Counter Culture: Café Vinoteca a tasty choice for pizza and pasta – By Allen Pierleoni – Bee Restaurant Critic
“I love pie, and this is a great one,” said lunch pal Bruce Parks, quickly demolishing (with a little help) a tall wedge of banana cream pie.
He should know. Bruce and wife Judy Parks run an international gourmet cake-delivery business (www. chocolatebakery.com) and an online bakery (www. tartsandtruffles.com). Judy has taught baking classes at American River College for 20 years, and lucky Bruce gets to sample.
“The only thing we didn’t make (in the kitchen) for this pie was the bananas,” said our beyond-the-call-of-duty server, Dawna Paul.
Any chance of initiating a pie fight with the pie-eating folks at the table next to us? You know – act now, apologize later.
“No, because I would have to clean it up,” Dawna said.
We were at a window-side table inside Café Vinoteca at Arden Town Center. The Italian bistro’s immediate neighbors are Chinois City Cafe (www.chinoiscitycafe.com) and Danielle’s Creperie (www. daniellescreperie.com), places we’ve visited and liked.
Café Vinoteca is a high- energy neighborhood kind of place, largely populated with regulars who know each other by sight, if not by name. It may have a local angle, but its fare easily competes with higher-end, more-formal Italian restaurants in our area.

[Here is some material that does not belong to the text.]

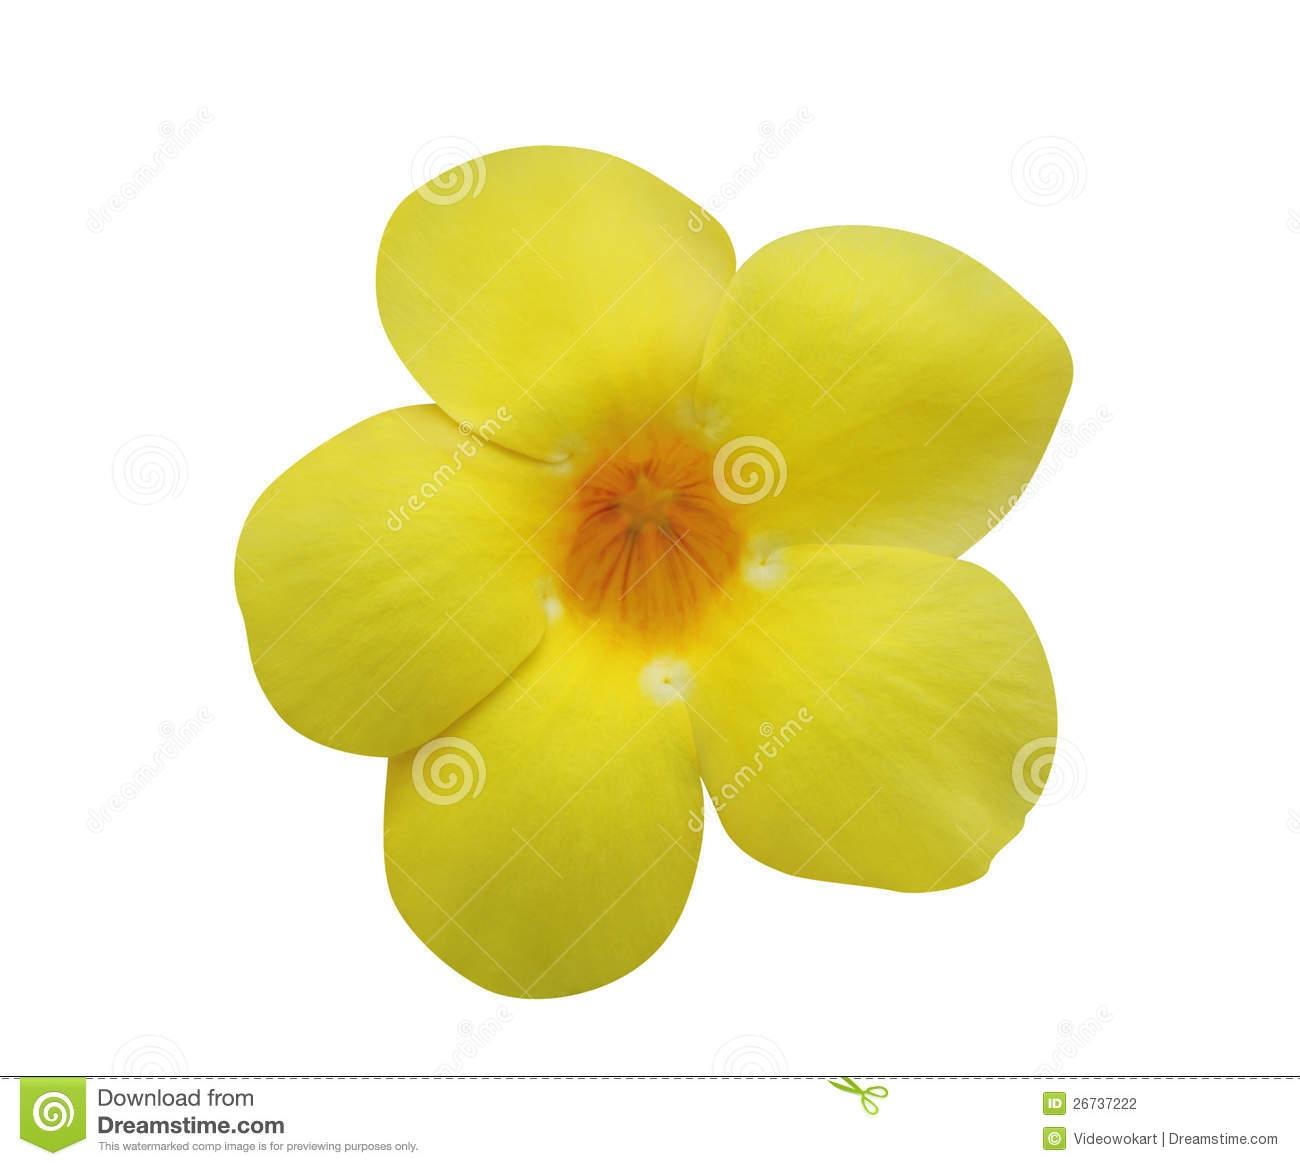 Yellow bell flower clipart.
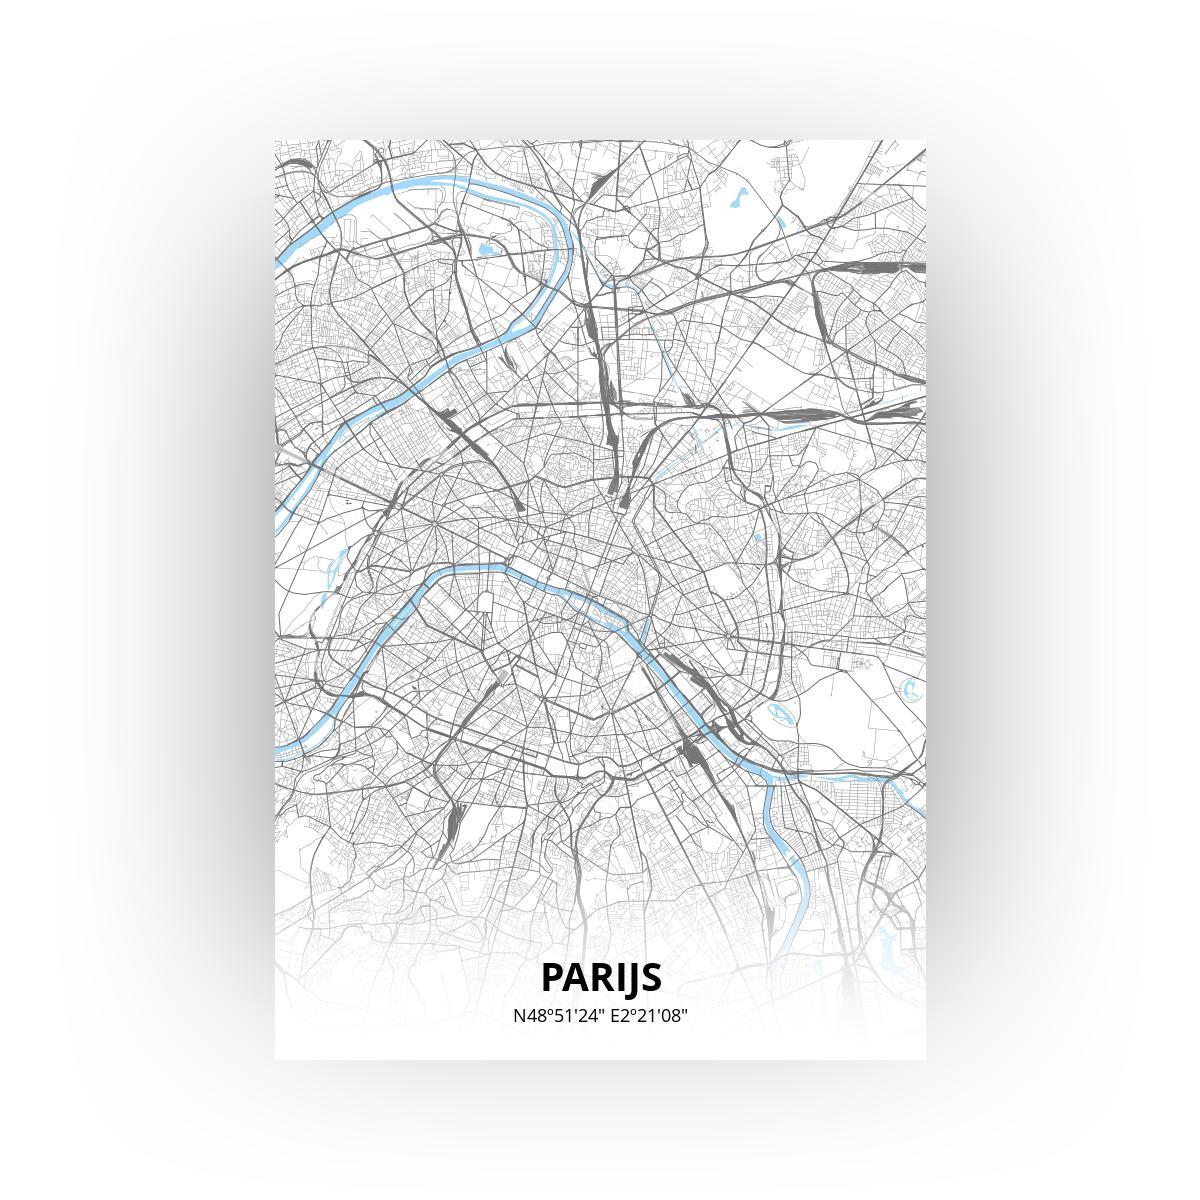 Parijs poster - Zelf aan te passen!

Its lengthy lunch menu shows soups and salads (grilled prawn Louie, grilled romaine lettuce), small plates (meatball sliders, Kobe beef carpaccio), panini (eggplant Parmesan, grilled chicken), pasta (much of it house-made, served with mild, subtle sauces), and soup-salad-panini combos. Prices range from $4 to $16.
The from-scratch mushroom ravioli had sold out at dinner the night before, so we started with a small plate of gnocchi – tender pasta pillows in Alfredo sauce (with a dash of nutmeg), a fine mix. For the heck of it, we added grilled and sliced Molinari-brand Italian sausage – crispy and fragrant, with ideal texture. Good start.
We were still in a pasta mood, so moved to spaghetti carbonara, a concoction likely created in Rome in the 1950s. Or not. Like so many dishes that have come out of Italy, its roots are hard to dig up. Which doesn’t matter, since it’s always so darn good.
For this version, a well-whisked whole raw egg is mixed with hot pasta water and grated Parmesan cheese, then poured over and mixed with steaming spaghetti and topped with crisp pieces of pancetta (Italian bacon). We added freshly ground black pepper to the al dente pasta and rich sauce. Hey – where’d that go?
Clam-topped pizza is an everyday item in the pizzerias of New York and New Jersey. But finding a pizza loaded with clams and mussels in California brought us up short.
The menu description says, “Spicy white wine and tomato sauce, shaved fennel, basil, garlic.” We consulted and ended up asking the kitchen to tweak the pizza and surprise us.
Turned out to be the best dish of the day. The chef brushed olive oil over a thin crisp-crust shell, added slices of fresh Roma tomato, peppery arugula, sautéed fennel, garlic and a touch of heat from red pepper flakes. Topping all that were plump, expertly handled clams and mussels (out of their shells, of course).
“Everything about this is a home run, especially the freshness of the ingredients,” Bruce said. Agreed.
One of three daily specials was bucatini (bigger than spaghetti, and hollow) with smoked salmon in a creamy dill-and-caper sauce. The luscious chunks of salmon were mildly salty, the capers super-salty. Did the salt from the capers infuse the salmon with salt, or was the salmon already salty? Did the kitchen mistakenly add salt to the dish when none was called for? Whatever, a salt overload was going on.
Imagination and tradition seem to meet in Café Vinoteca’s kitchen. One example is its timpano, a classic Italian dish served only at dinner the last Thursday of each month.
To see one being built, watch the 1996 movie “Big Night,” starring Stanley Tucci, Tony Shalhoub, Minnie Driver and Isabella Rosselini.
Or listen to Janie Desmond Ison, co-owner with husband Jim of Café Vinoteca and the more casual Steamers in Old Sacramento (www. steamersoldsac.com).
“We line a huge kettle with puff pastry and layers of penne pasta, sliced ham, meatballs, grilled zucchini and eggplant, hard-cooked eggs, and marinara and béchamel sauces,” she explained. “It’s wrapped in more pastry, baked in the kettle and served by the slice ($18). It’s like an adventure on your plate – you don’t know where you’re going next.”
We’ve had it. We love it. We’ll be back for more.